Spicy Pumpkin Pie Recipe An Easy Holiday Favorite
Pies & Tarts, Holiday Favorites
This pumpkin pie is quick and easy. The best part is the pie crust, which has a crisp flaky texture. Look for more Pie and Tart Recipes from Clabber Girl.
Clabber Girl Pie Crust
- 1-1/2 c. all-purpose flour
- 1/4 tsp. Clabber Girl Baking Powder
- 1/4 tsp. kosher salt
- 10 Tbsp. butter cold and cut into chunks
- 3-4 Tbsp. ice water as needed
Mix the flour, salt and baking powder in a large bowl. Add the butter. Using a pastry blender or your fingers, cut the butter into the flour until the mixture resembles coarse bread crumbs with some pea-size pieces of butter. Gradually stir in enough of the water for the dough to clump together. Gather up the dough and form into a disc, wrap in plastic wrap, and refrigerate until chilled but not hard, 1 to 2 hours.
On a lightly floured work surface, roll out the dough into a 1/8-inch-thick round. Transfer to a 10-inch pie dish, trimming the dough to a 1/2-inch overhang around the edges of the dish. Tuck the overhang under the dough on the rim and flute the edges. Prick holes in the bottom with a fork. You can make the crust in advance and store in the freezer for up to 3 days.
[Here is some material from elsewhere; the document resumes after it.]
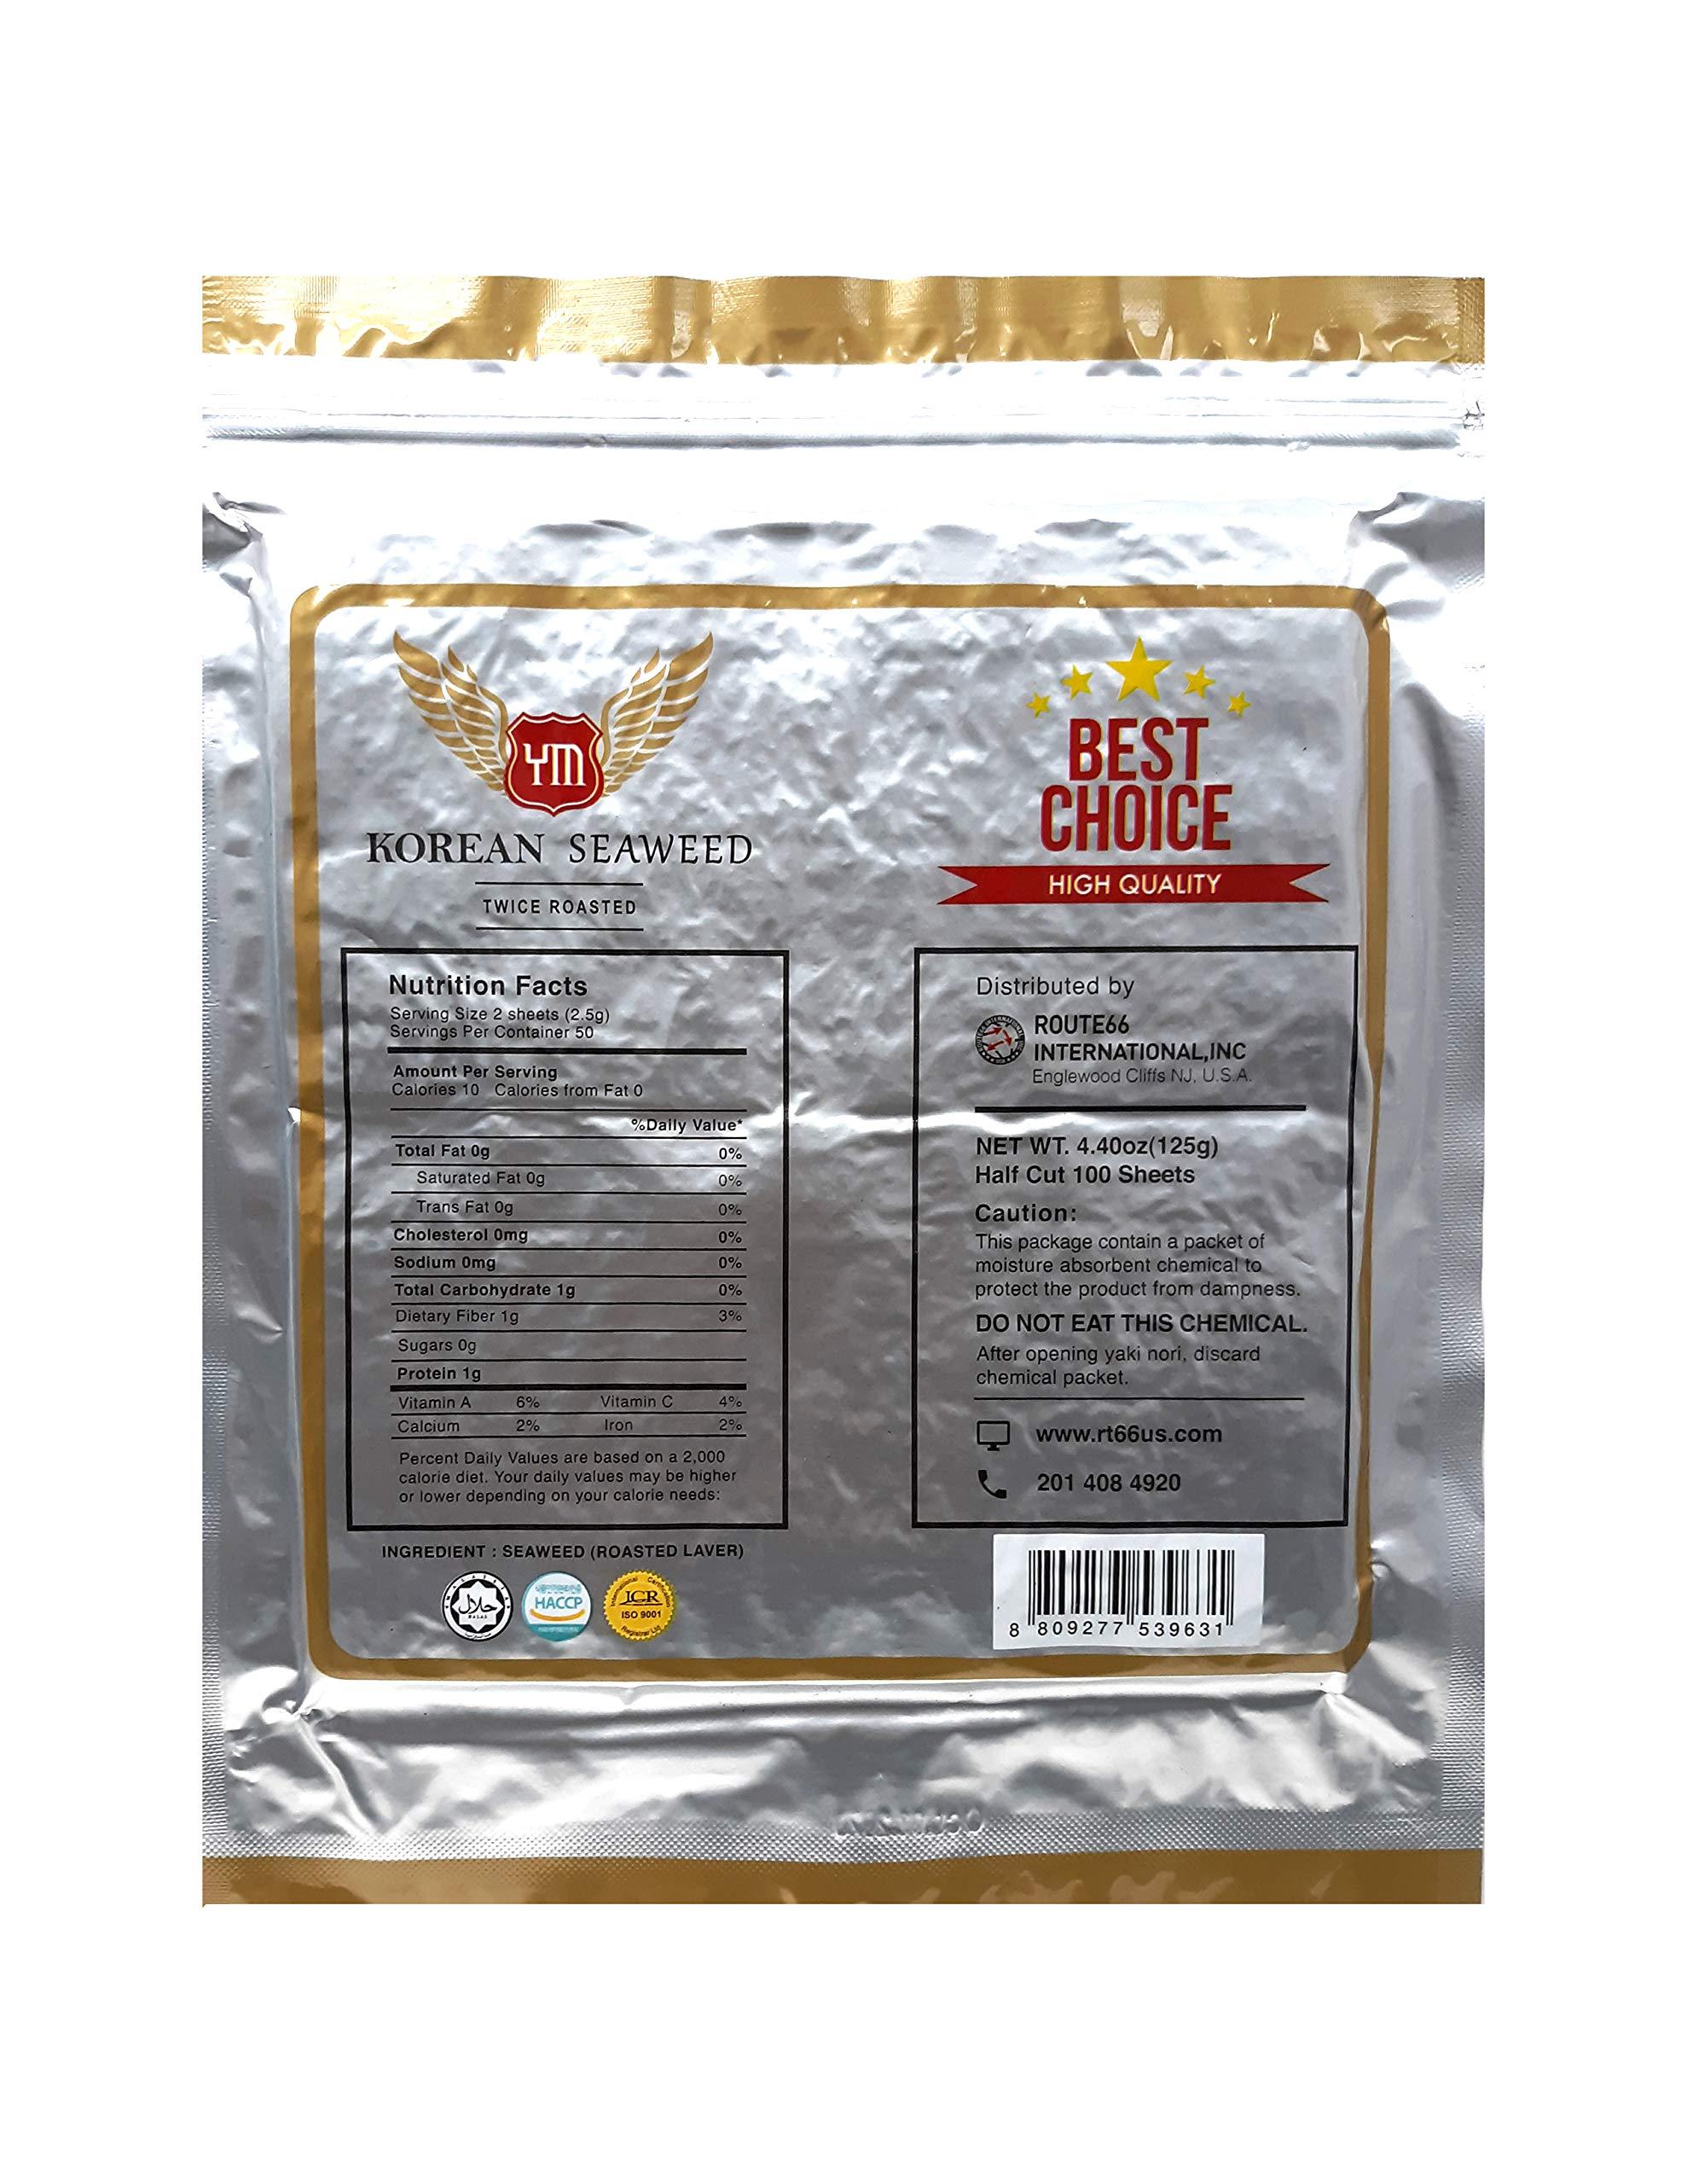 YM Korean Roasted Seaweed Premium Sushi Nori   Premium Gold Grade   Twice Roasted   100% Natural Korean Seaweed   100 Half Sheets (1 Pack) by YM (Image #2)
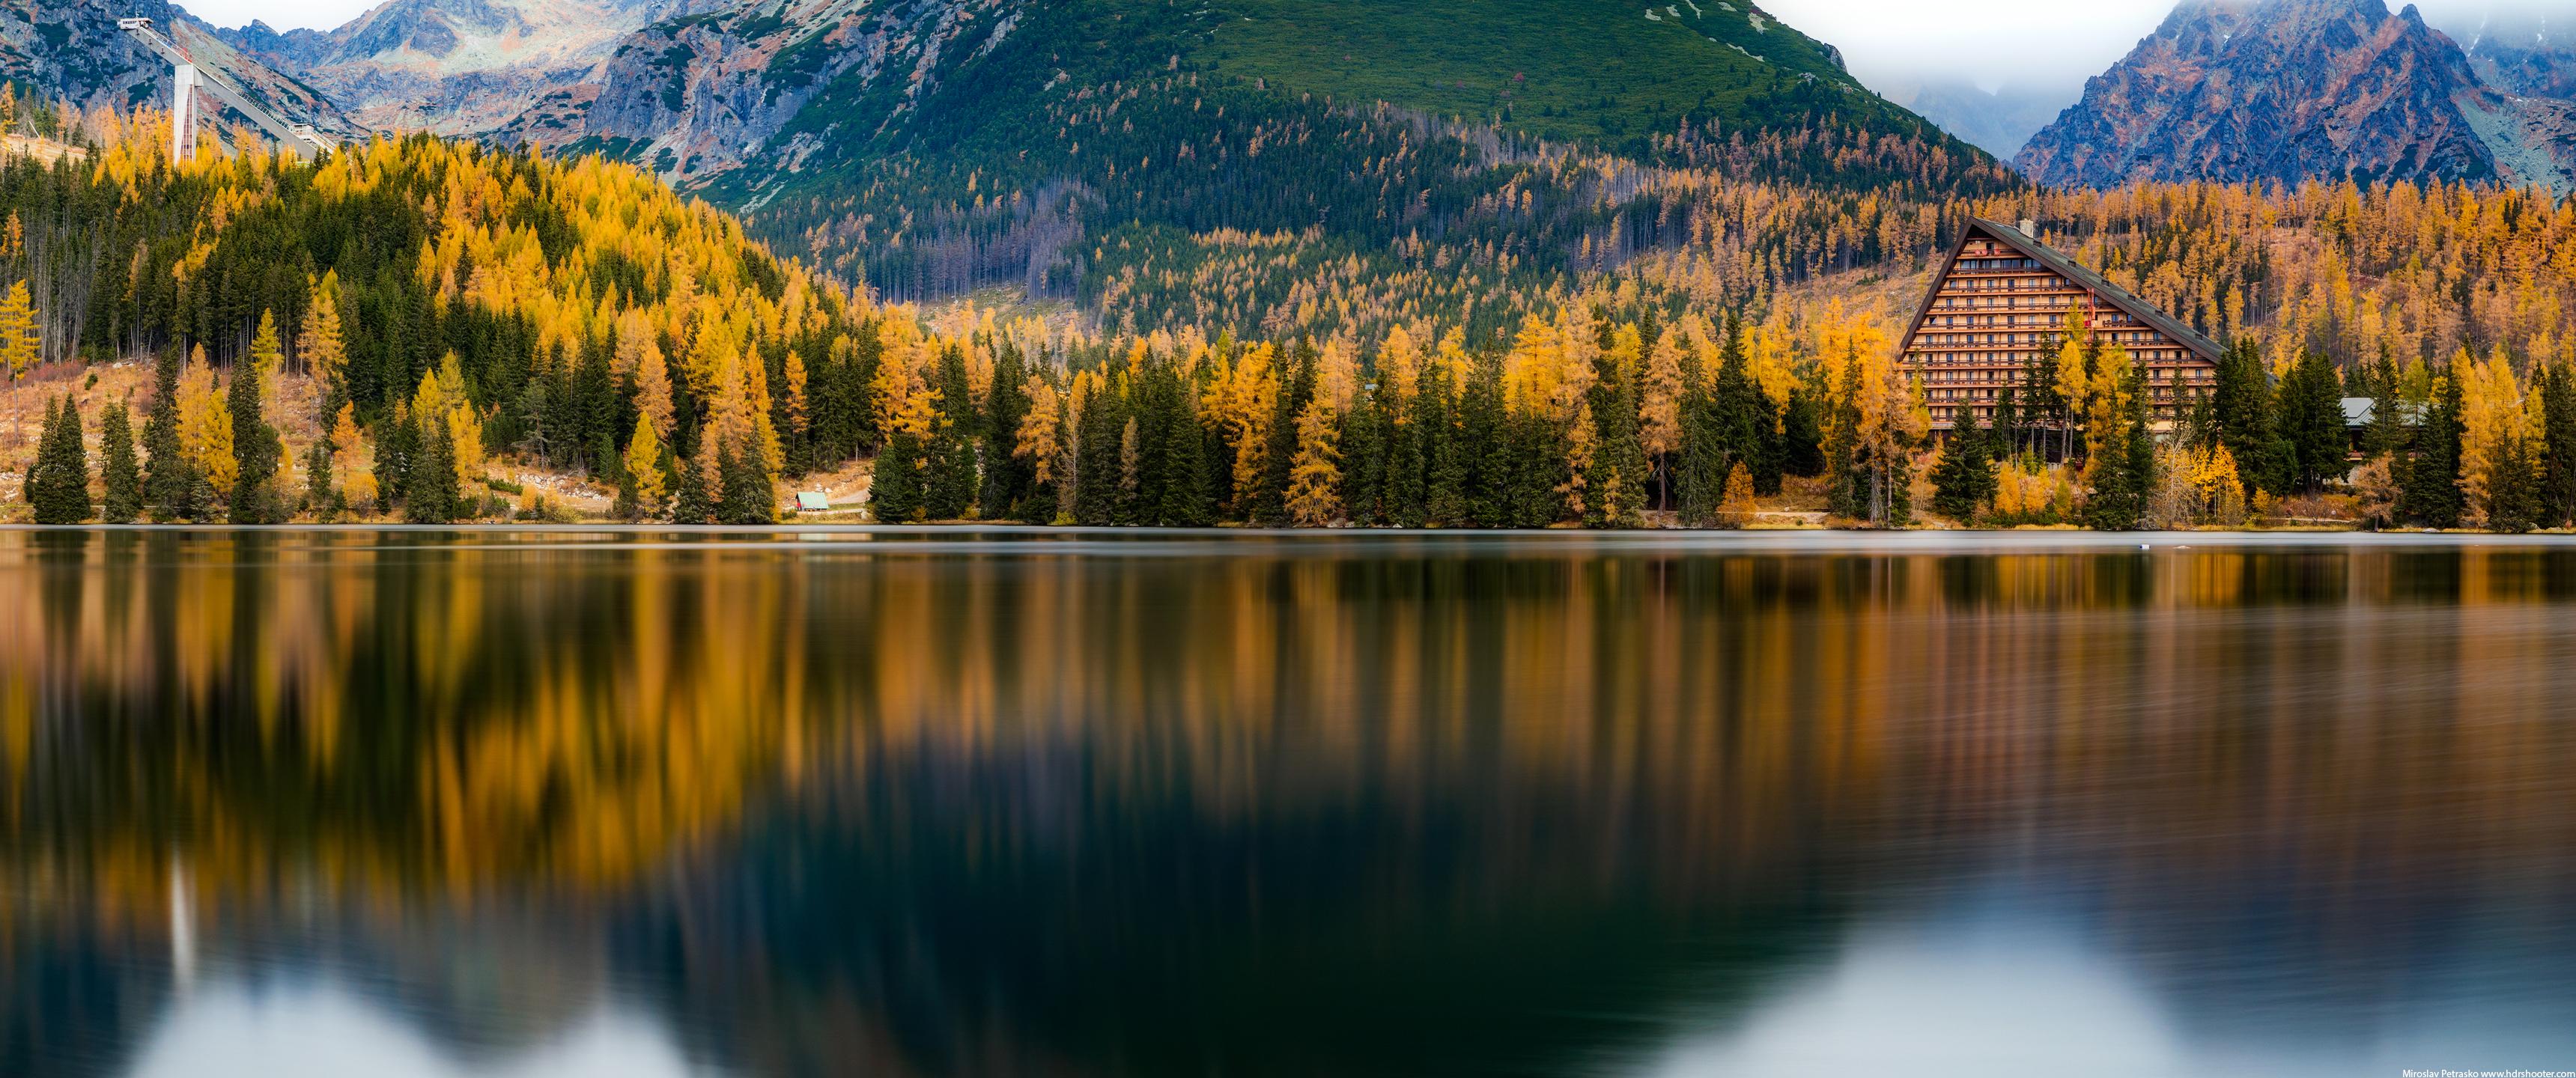 Autumn At The Lake Wallpaper

No need to thaw the crust before baking.
Thoroughly combine pumpkin, sugar, salt and spices. Blend in eggs and evaporated milk. Pour mixture into unbaked 9-inch pie shell.
Bake at 400 degrees F. for 50 minutes, or until a knife inserted in center comes out clean. Makes one 9-inch pie. Let cool completely and top with whipped topping.